> **Given data**

○ ○ ○ ○ ○

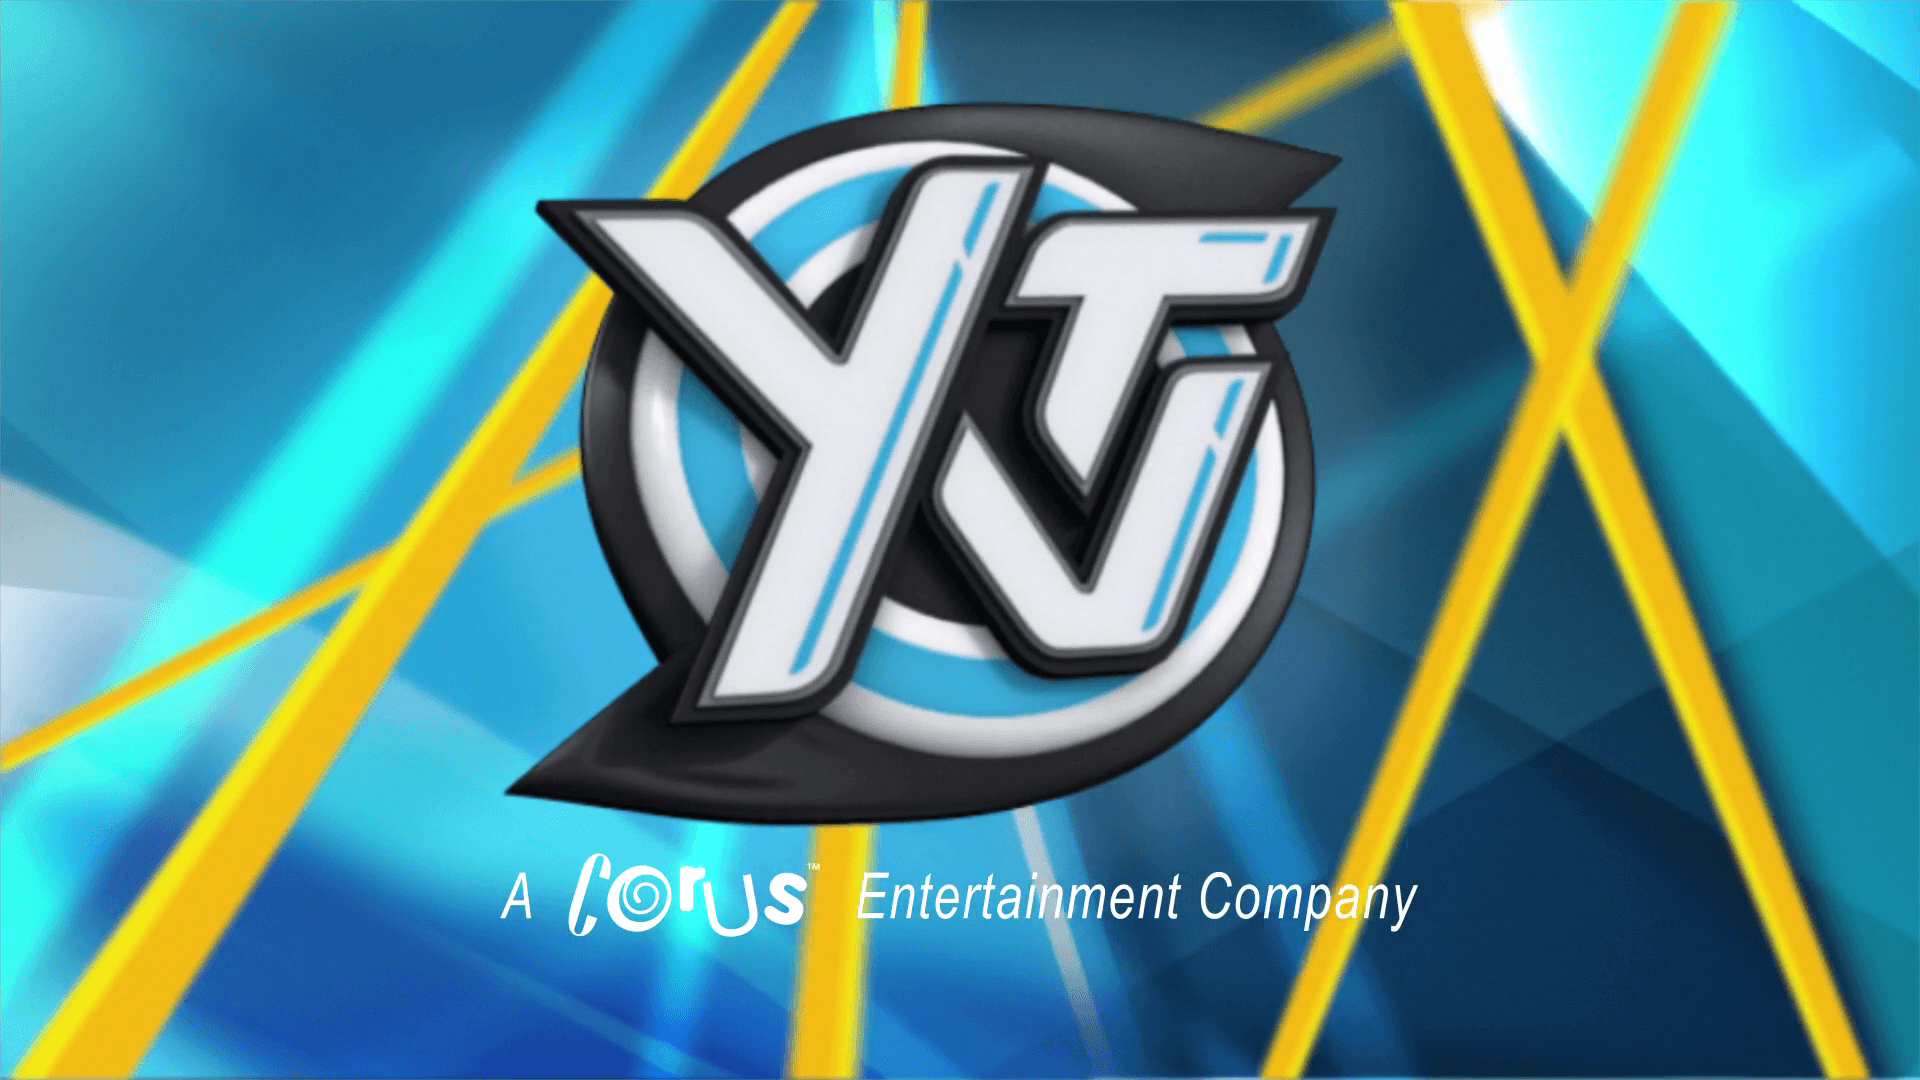 Ytv Logo - YTV Originals (Canada)
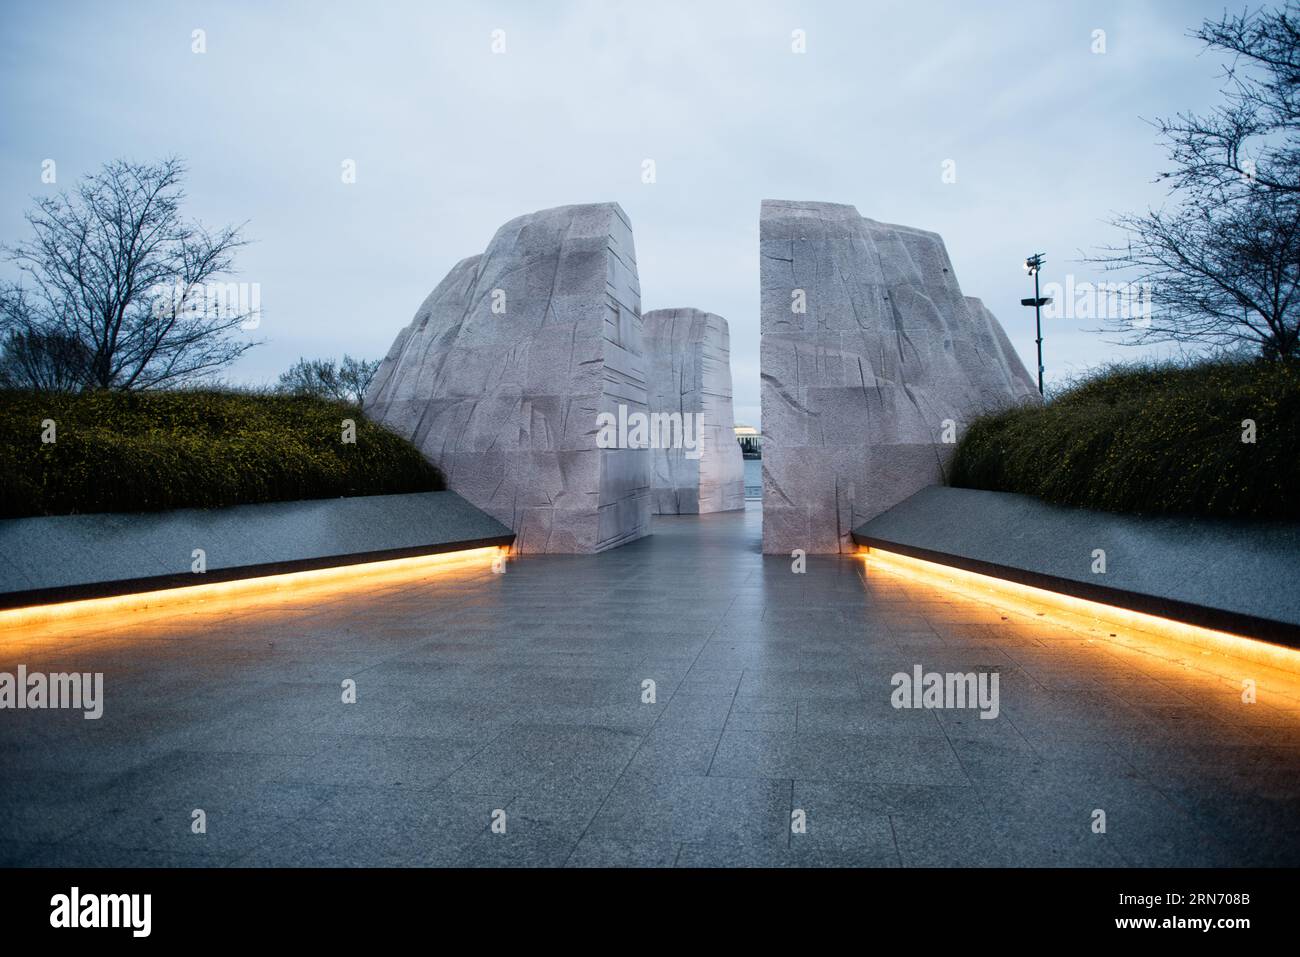 WASHINGTON DC, Vereinigte Staaten – der Martin Luther King Jr. Das Memorial erinnert an das beständige Erbe des Bürgerrechtlers. Das Denkmal, das sich am Tidal Basin der National Mall befindet, erinnert an Dr. Kings Beiträge zur amerikanischen Bürgerrechtsbewegung und an sein Streben nach Gerechtigkeit mit gewaltfreien Mitteln. Stockfoto
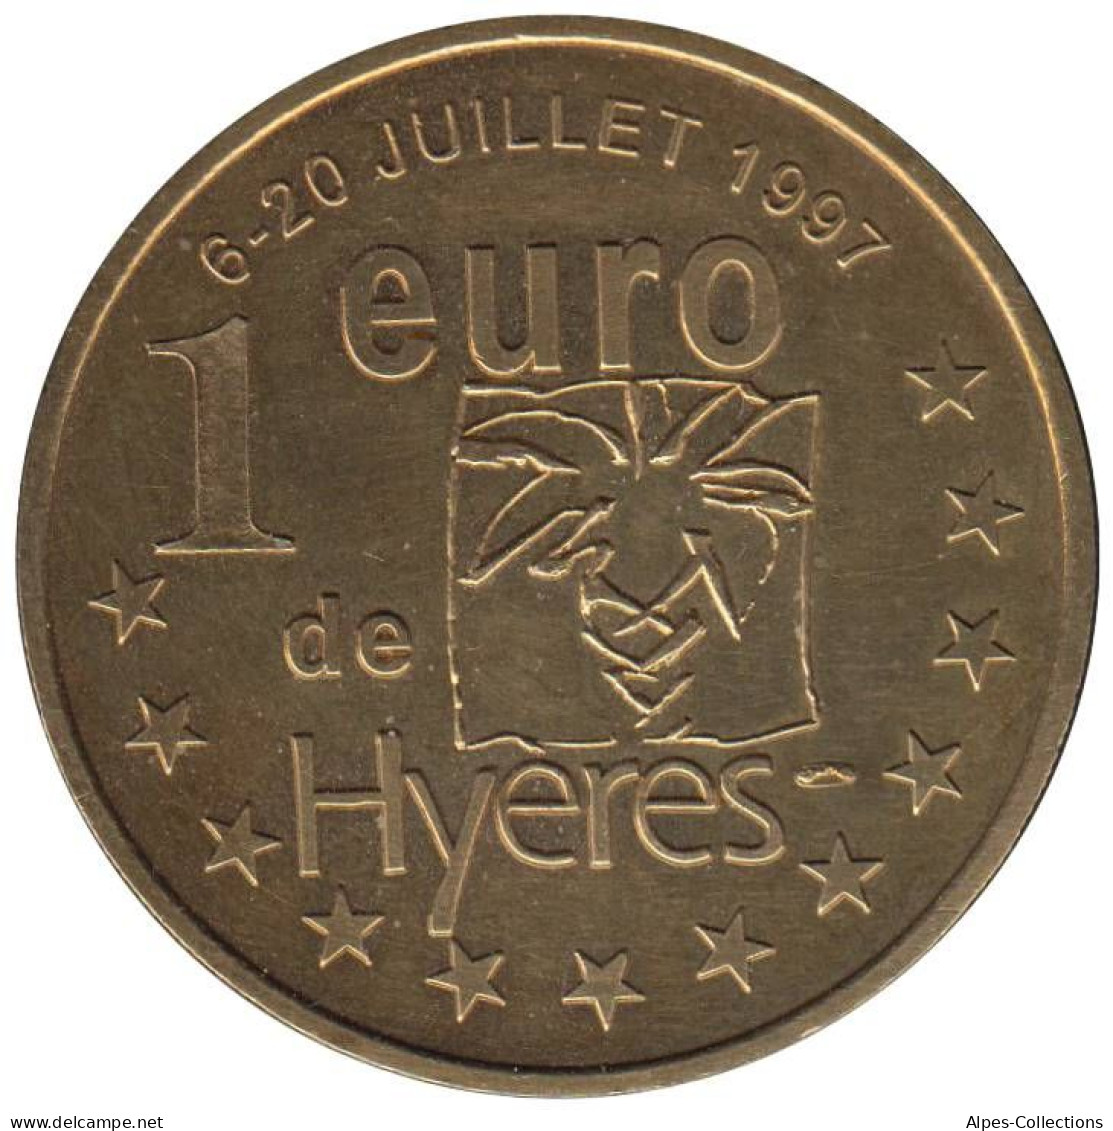 HYERES - EU0010.1 - 1 EURO DES VILLES - Réf: T295 - 1997 - Euro Van De Steden

○ ○ ○ ○ ○

When you write out the material, reproduce each line exactly and omit any picture it holds.

> **Answer for this exercise**
 Ytv Logo - YTV Originals (Canada)
 WASHINGTON DC, Vereinigte Staaten – der Martin Luther King Jr. Das Memorial erinnert an das beständige Erbe des Bürgerrechtlers. Das Denkmal, das sich am Tidal Basin der National Mall befindet, erinnert an Dr. Kings Beiträge zur amerikanischen Bürgerrechtsbewegung und an sein Streben nach Gerechtigkeit mit gewaltfreien Mitteln. Stockfoto
 HYERES - EU0010.1 - 1 EURO DES VILLES - Réf: T295 - 1997 - Euro Van De Steden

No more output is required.